Take a look at the above figure. This is a simple switching circuit, attached to A14. With the switch in the OPEN position, the A14 pin would receive Vcc (or +5V) and would set that address bit to ‘1.’ Closing the switch would pull Vcc to Ground, resulting on no voltage to the A14 pin and would result in setting that address bit to ‘0.’ Remember, CLOSING the switch would set it to ‘0’, opening to ‘1.’
If we wanted to “reverse” the switching to make “more sense,” we could use an inverter between the pin and switch. Most common and readily available inverter is the 7404 Hex Inverter chip, which is a 14-pin dip chip that consists of 6 inverters that we can use.
Here’s a simple diagram showing the use of an inverter:
With the switch in the open position (off), the result out of the inverter, to pin A14, would be ‘0’ or low. With the switch in the closed position (on), the result of out of the inverter, to pin A14, would be ‘1’ or high.
The choice is yours. If using the type of DIP switch that when the switch is in the UP position is OFF, perhaps the diagram without the inverter would be the best choice. The ‘piano’ type DIP switch is most common for this. Using a binary number counter switch, the use of the inverter would be recommended.
Here’s a draft diagram of a completed circuit schematic. Keep in mind, I only connected the Data and Address lines in the diagram. You would still connect OE to OE, CE to CE and PGM (WE) to PGM.
Keep in mind that Vss is Ground. Notice the switches, 1-3, are set up 1-3 and not 3-1. It all depends how you want to design the circuit. If using DIP switches, you may want to reverse the switches as 3-2-1. That way, setting the switches to OFF-OFF-ON would equal 1, OFF-ON-OFF would equal 2, and so on. But then again, OFF-OFF-OFF would set A14-A16 to high or ‘1.’ Since we’re not using an inverter in this circuit, you have to think opposite. Setting them all to ON, would set all of them to ‘0.’ It is probably a little confusing, but not hard to get used to I suppose.
For the following diagram, I installed an inverter:
I used the same switch order, 1-2-3. Perhaps, it would be better to go ahead and set these to 3-2-1. In this circuit, you need to connect CE to CE, OE to OE and PGM to PGM (or WE to PGM – same thing) as well. I just wanted to show you the schematic of connecting the address and data pins as well as Vcc and Vss (Ground). In the above circuit, all switches to off is 000 (not 111 as in the diagram above this one).
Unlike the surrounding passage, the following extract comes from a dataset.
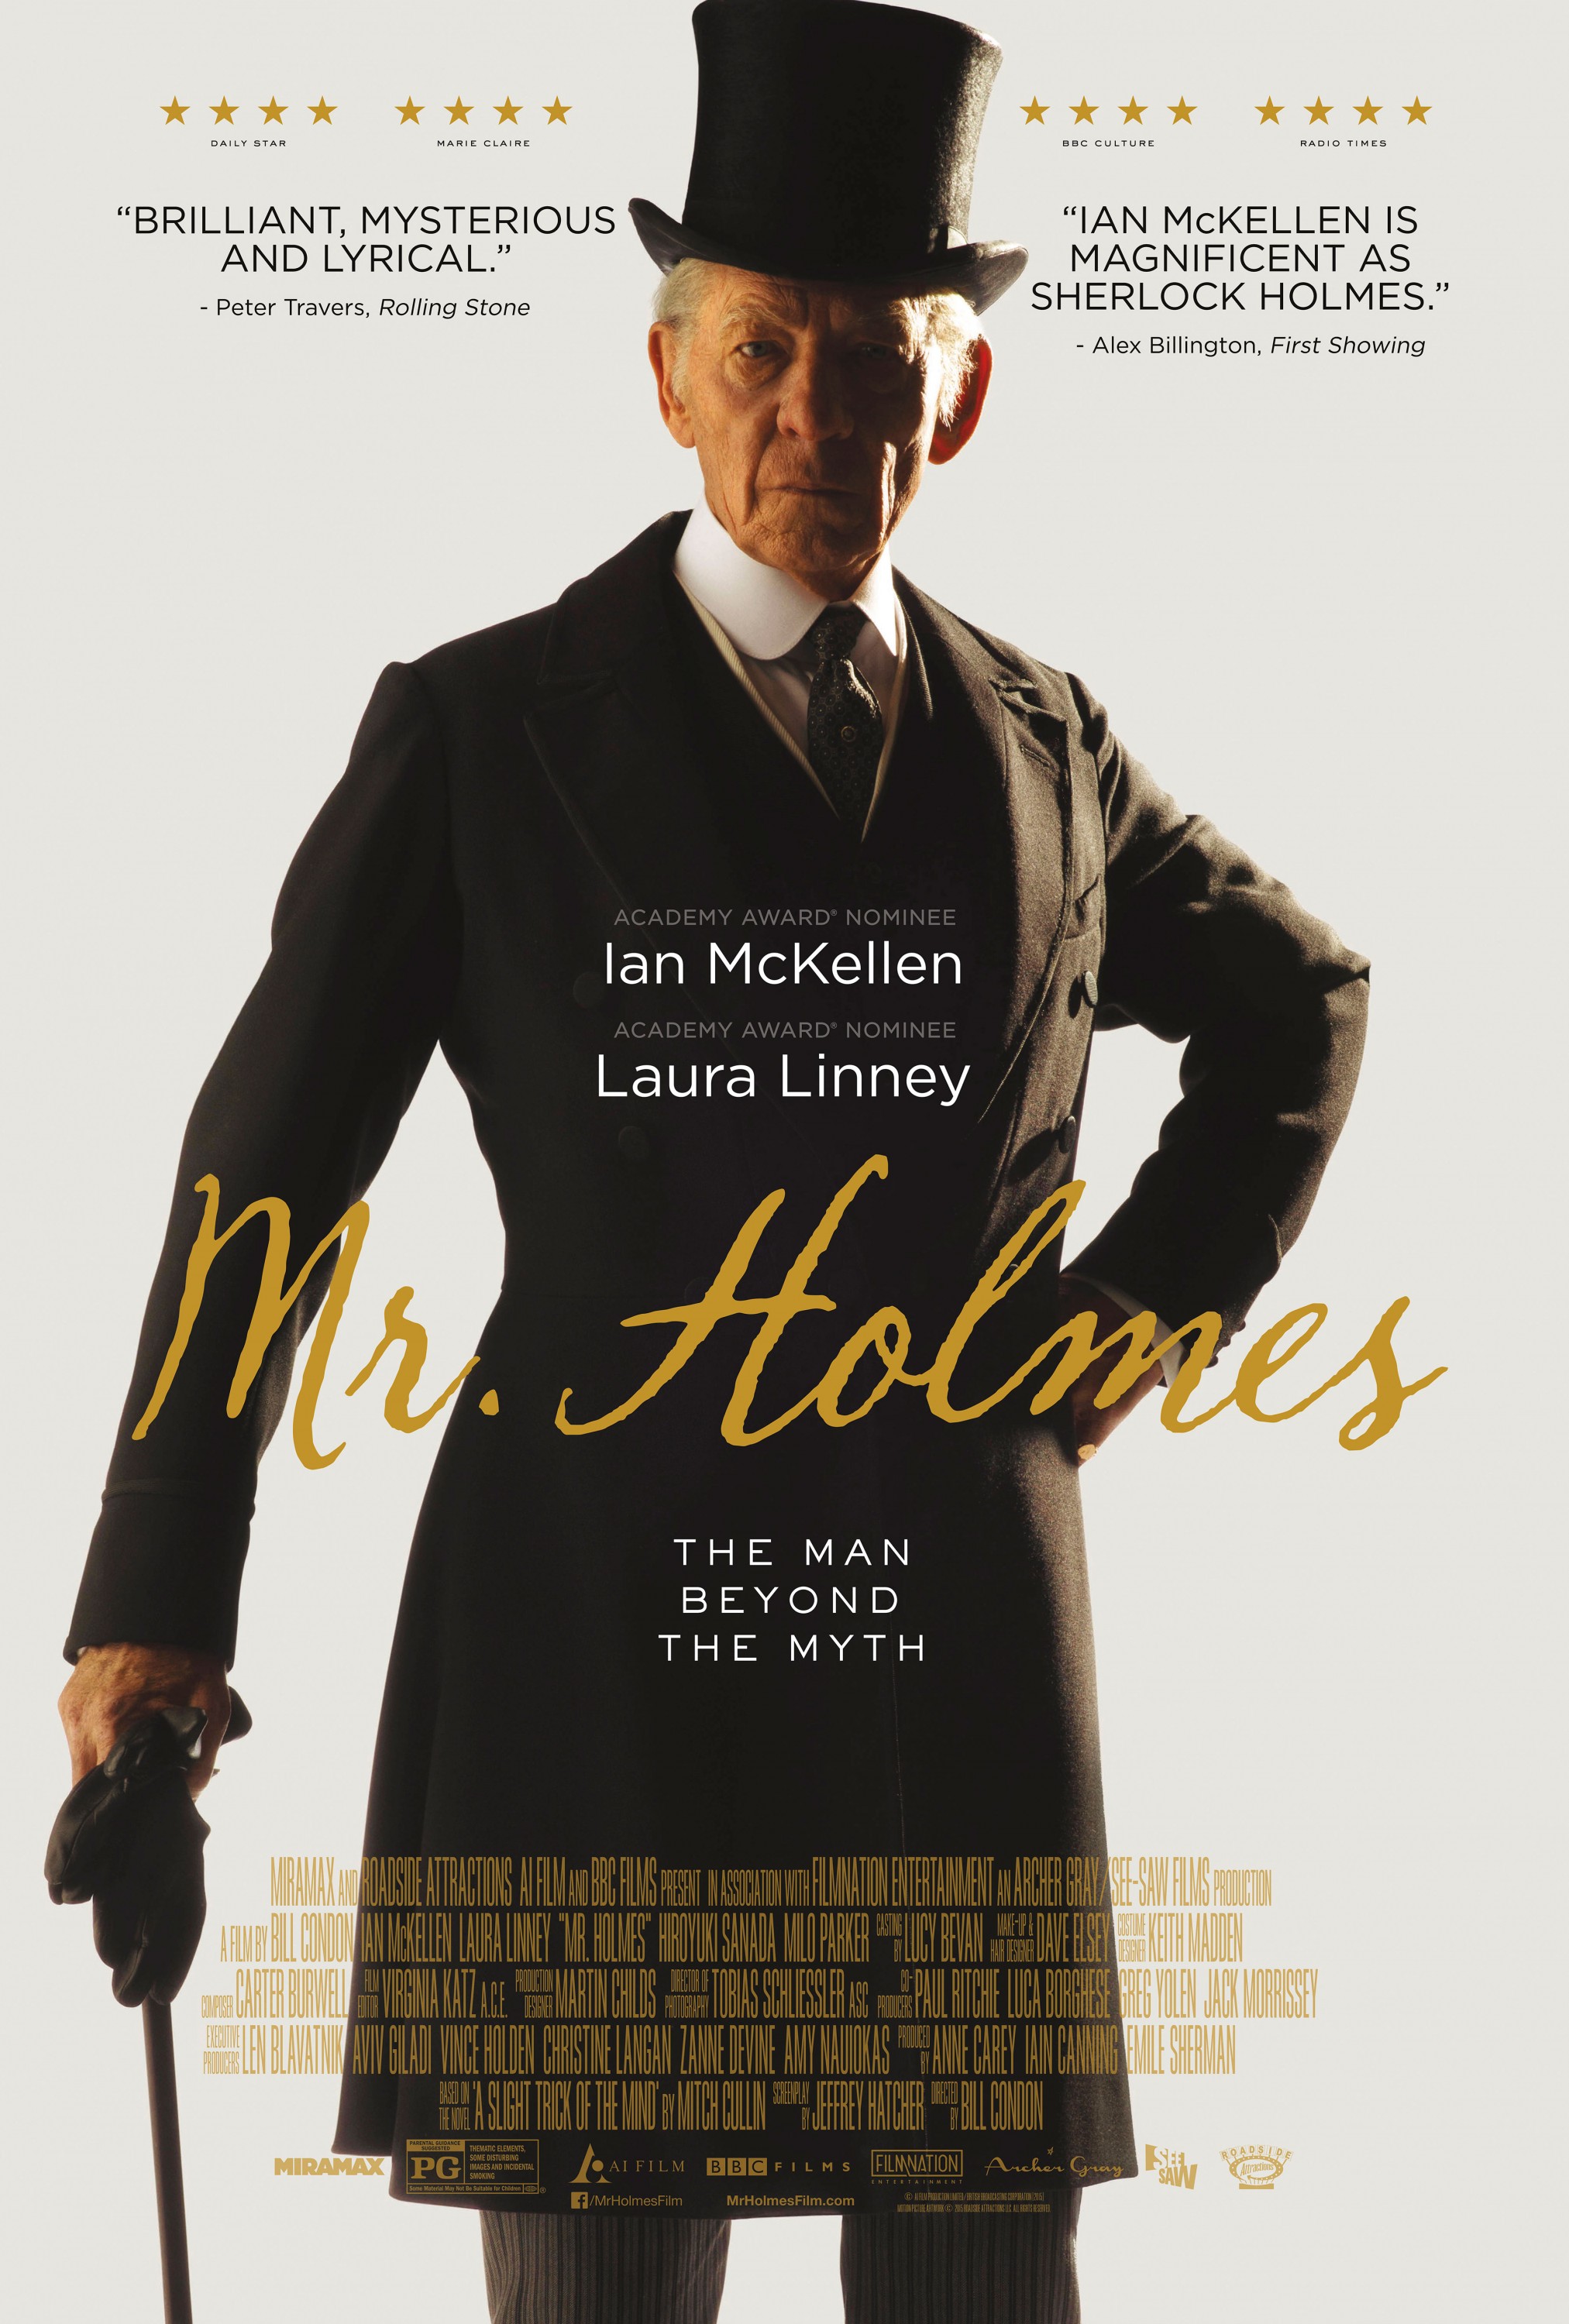 [福尔摩斯先生].Mr.Holmes.2015.BluRay.1080p.AVC.DTS-HD.MA.5.1-HDHome  37.1G-2.jpg

Again, leaving the switch off, would leave a high level on the collector pin of the 7404 hex inverter chip. The inverter would, in fact, invert the signal, from a high to a low (0 volts). Seeming, that if my switch is OFF, I would want to have a low signal to the pin it’s affecting. This is optional. Whatever you do, make sure you’re on track with what and how you are doing it.
This is 100% theory and has NOT been tested. I plan on testing this very soon. It has been claimed that you can switch programs on the fly. WE recommend that you do not switch on the fly. Switching during the middle of data retrieval can be very harmful to your engine. Let’s say you switch, right when the ECM as looking for a particular value for spark advance. It’s supposed to be 20* but since you switched the program right in the middle, the data got corrupted and it receives the value to advance 50* instead! I’m not saying it will happen, I just believe it’s highly probable. Pull over, shut off the car, switch the program, start it back up. Better safe than sorry.